===== Data extract

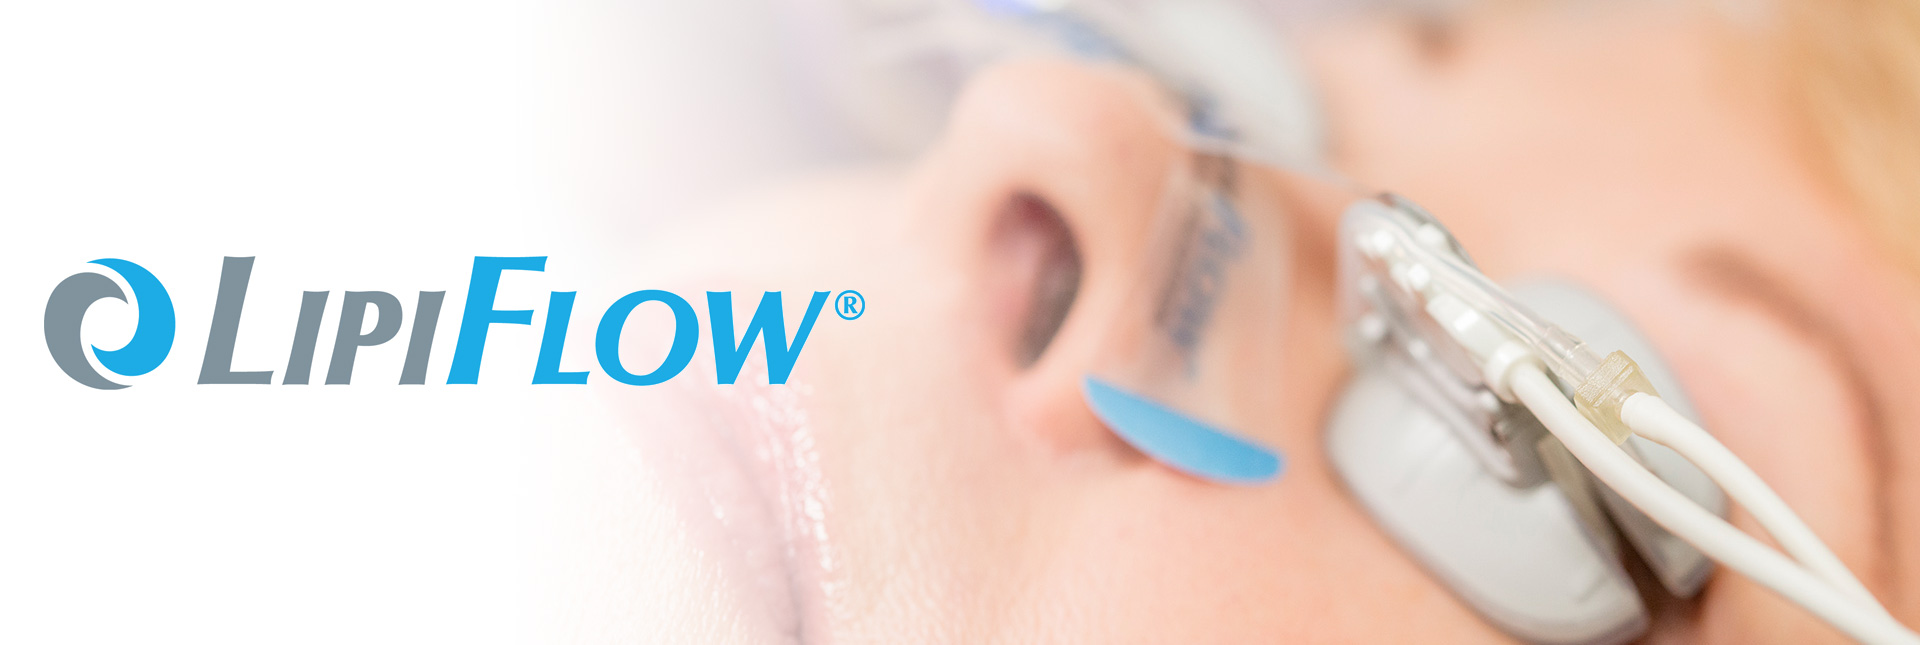 Lipiflow ad
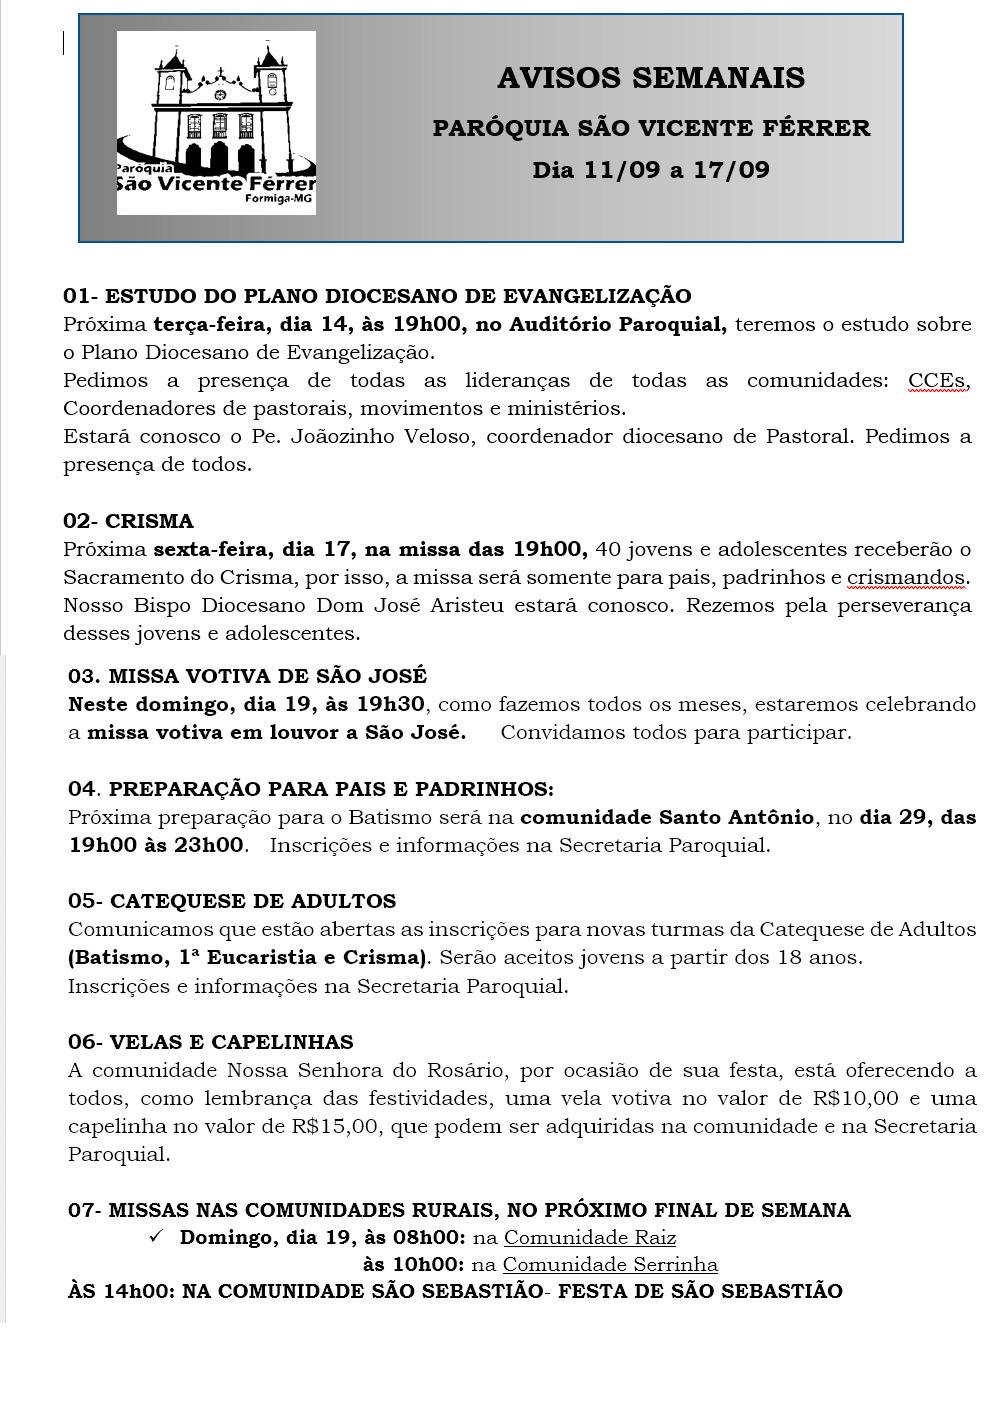 avisos-11a17
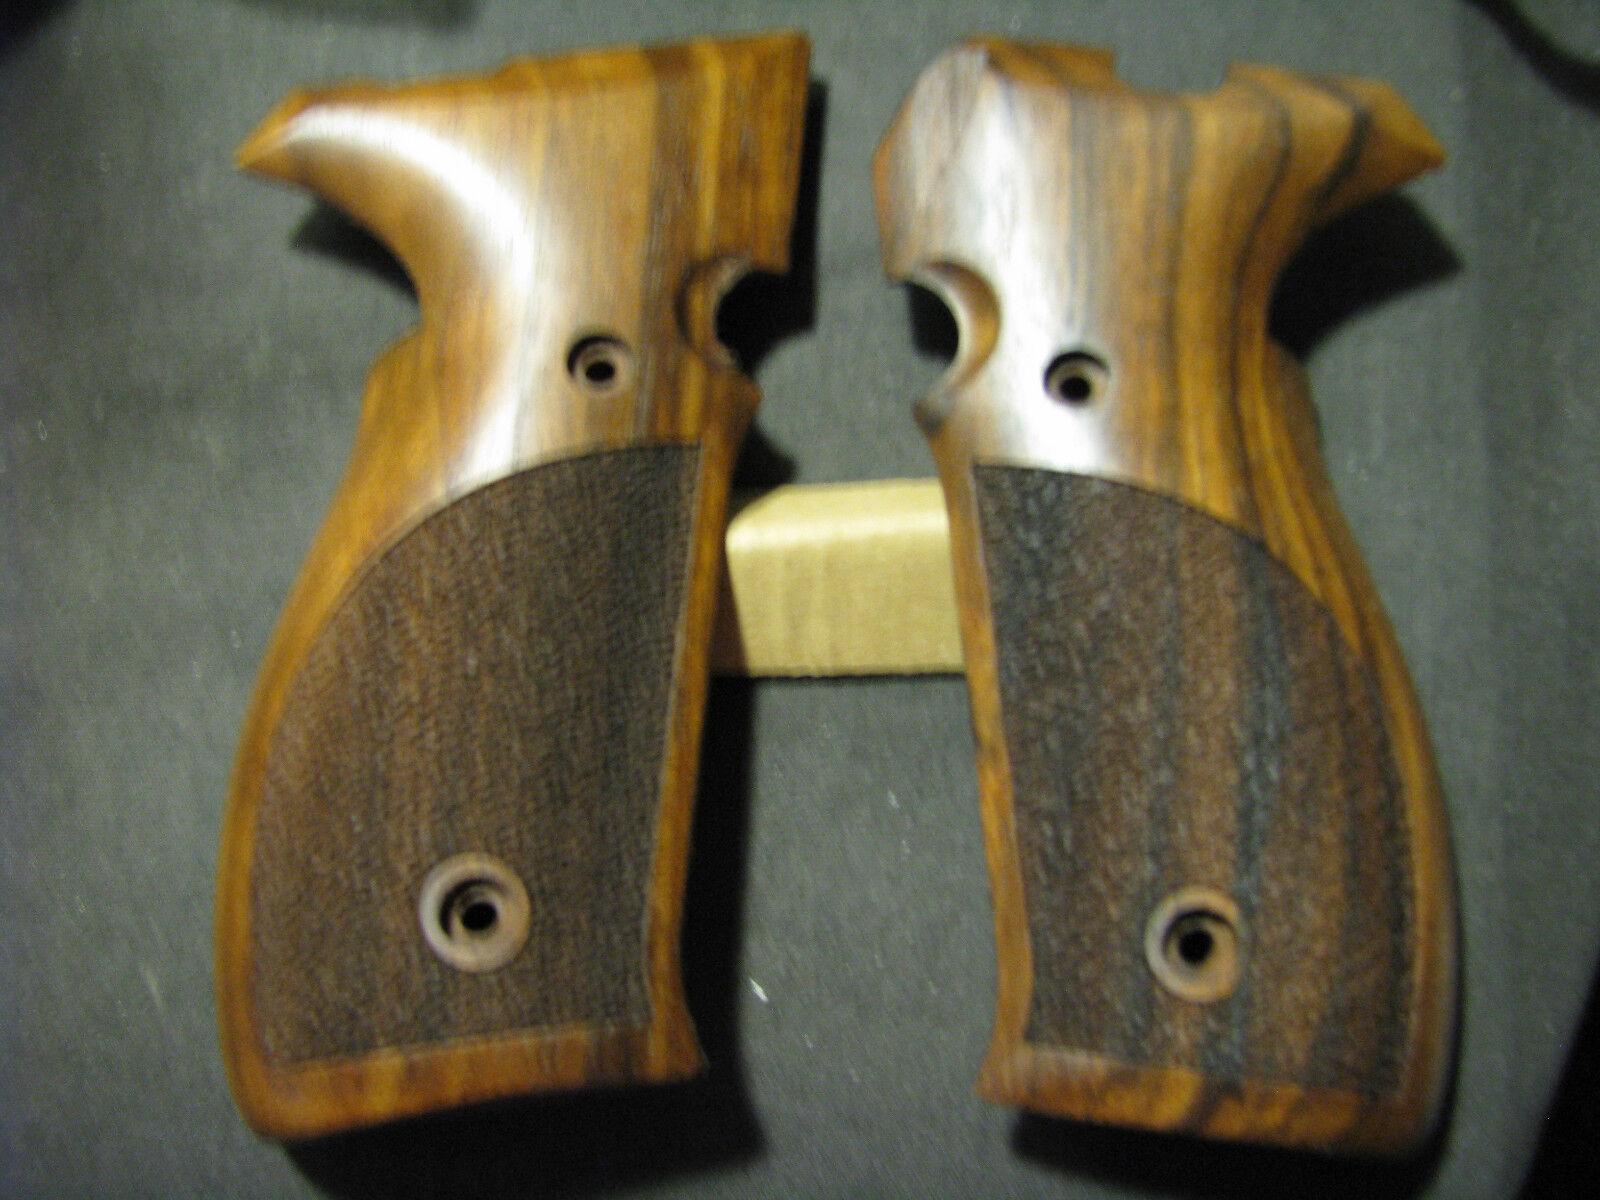 Pistola apretones para SIG MOSQUITO GSG Firefly Nogal eritrosis interfolicular en collar-Hermoso
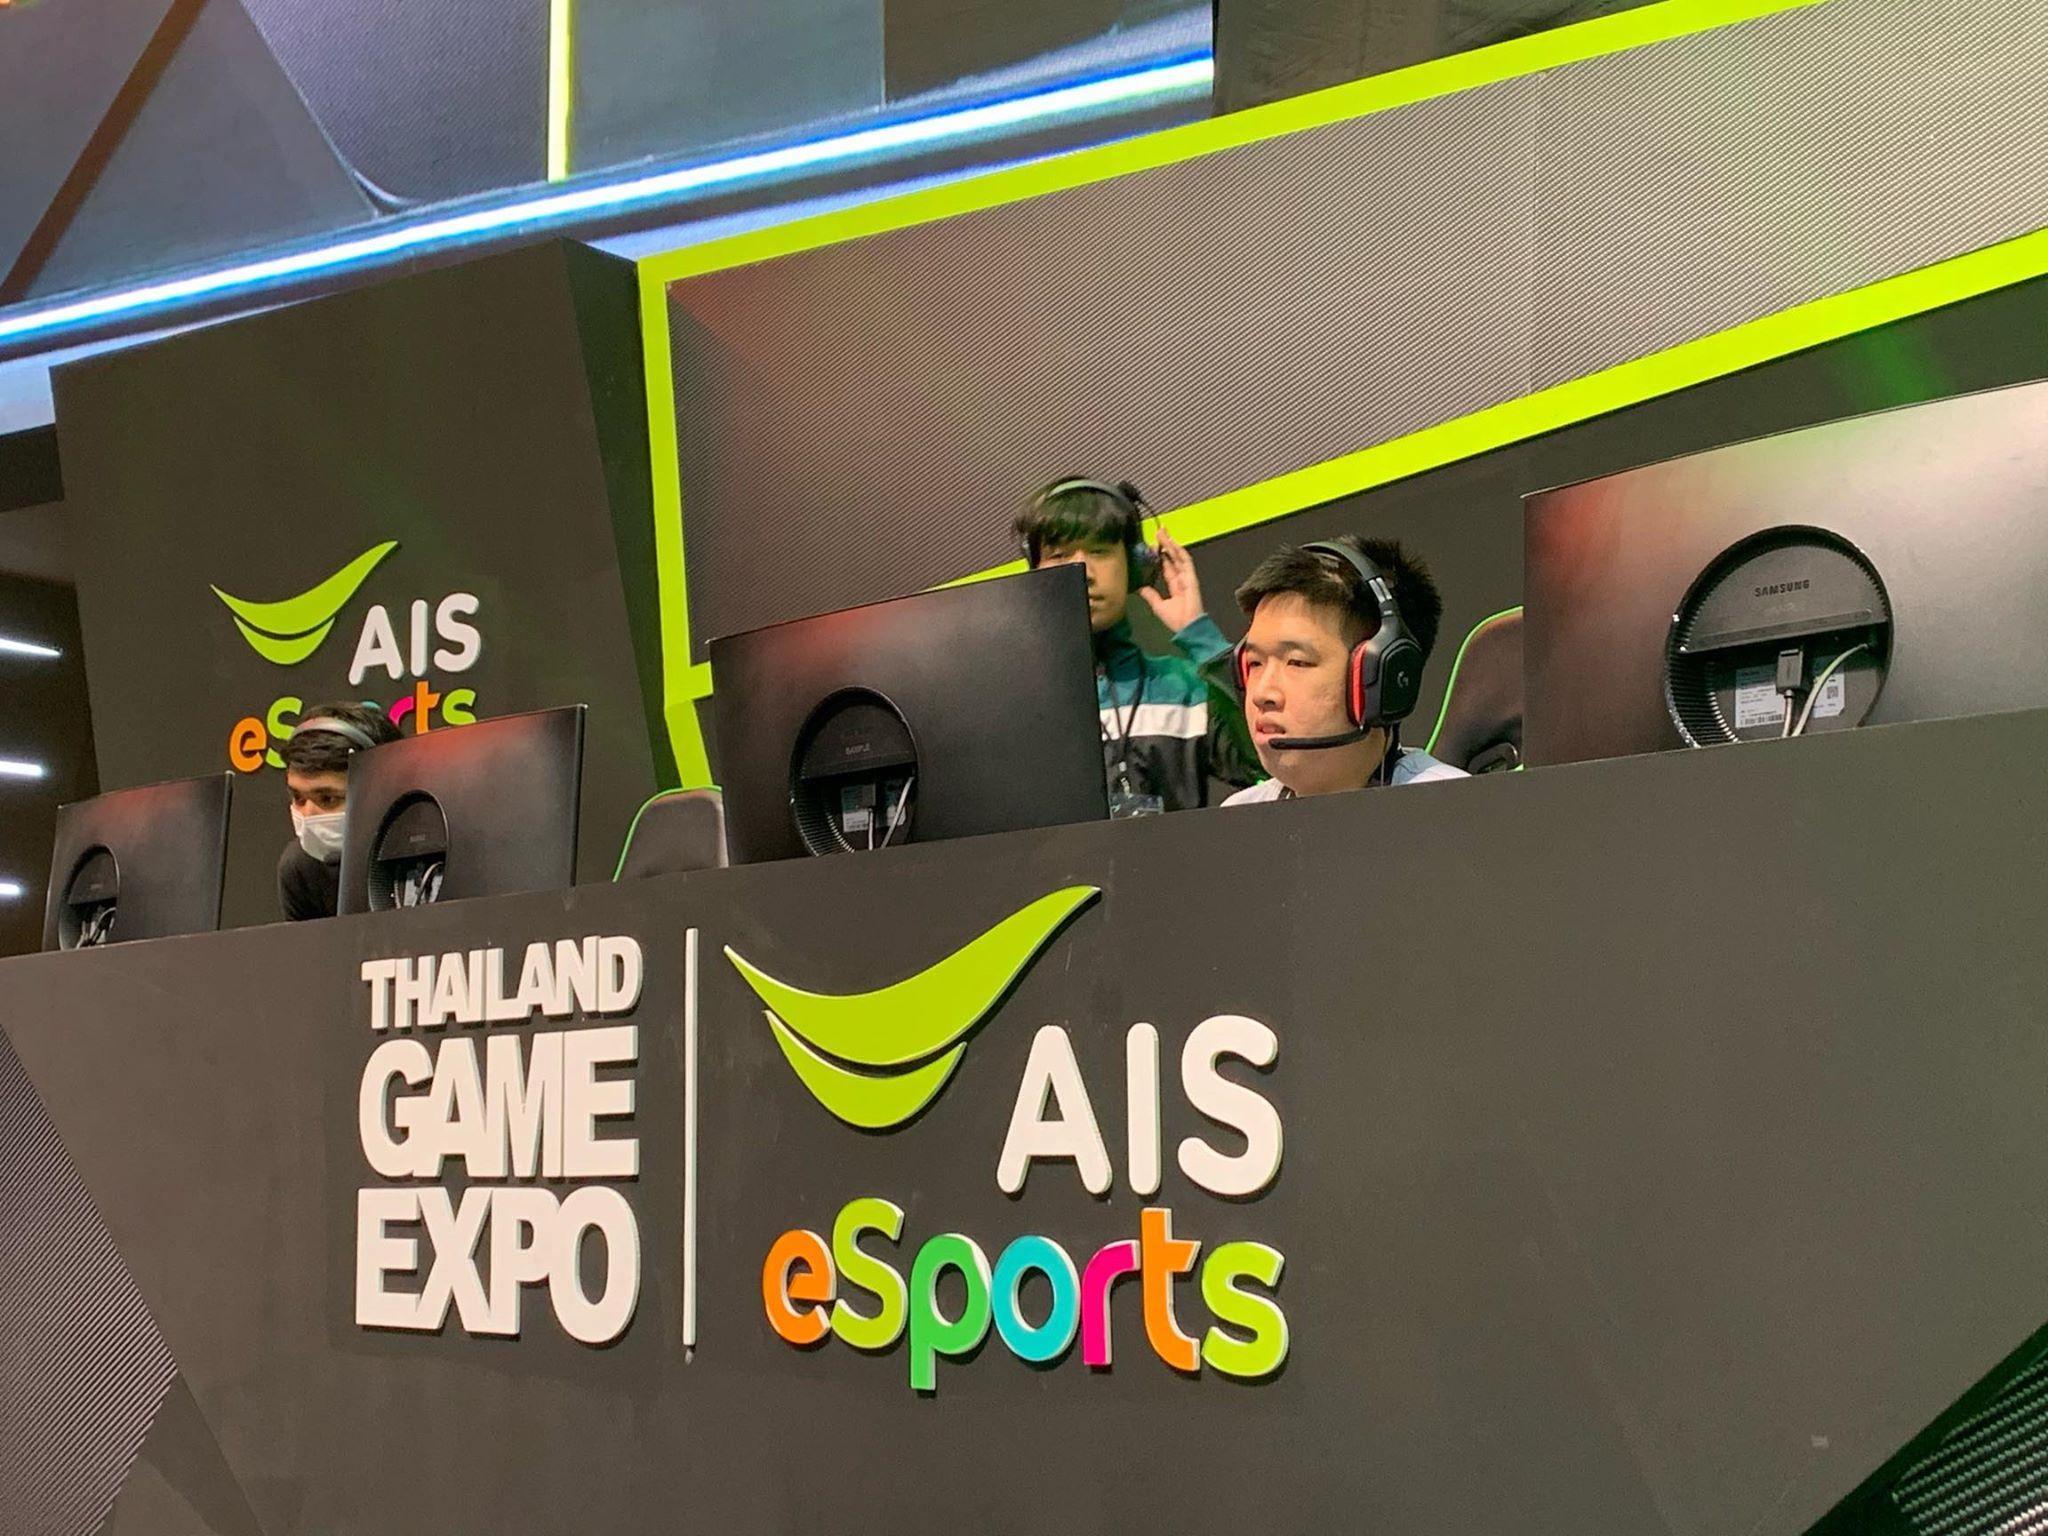 Thailand Game Expo 312020 9

==========

» **Task objective**
All of the data must be repeated exactly, except for the pictures.

» **Response for this exercise**
 Lipiflow ad
 avisos-11a17
 Pistola apretones para SIG MOSQUITO GSG Firefly Nogal eritrosis interfolicular en collar-Hermoso
 Thailand Game Expo 312020 9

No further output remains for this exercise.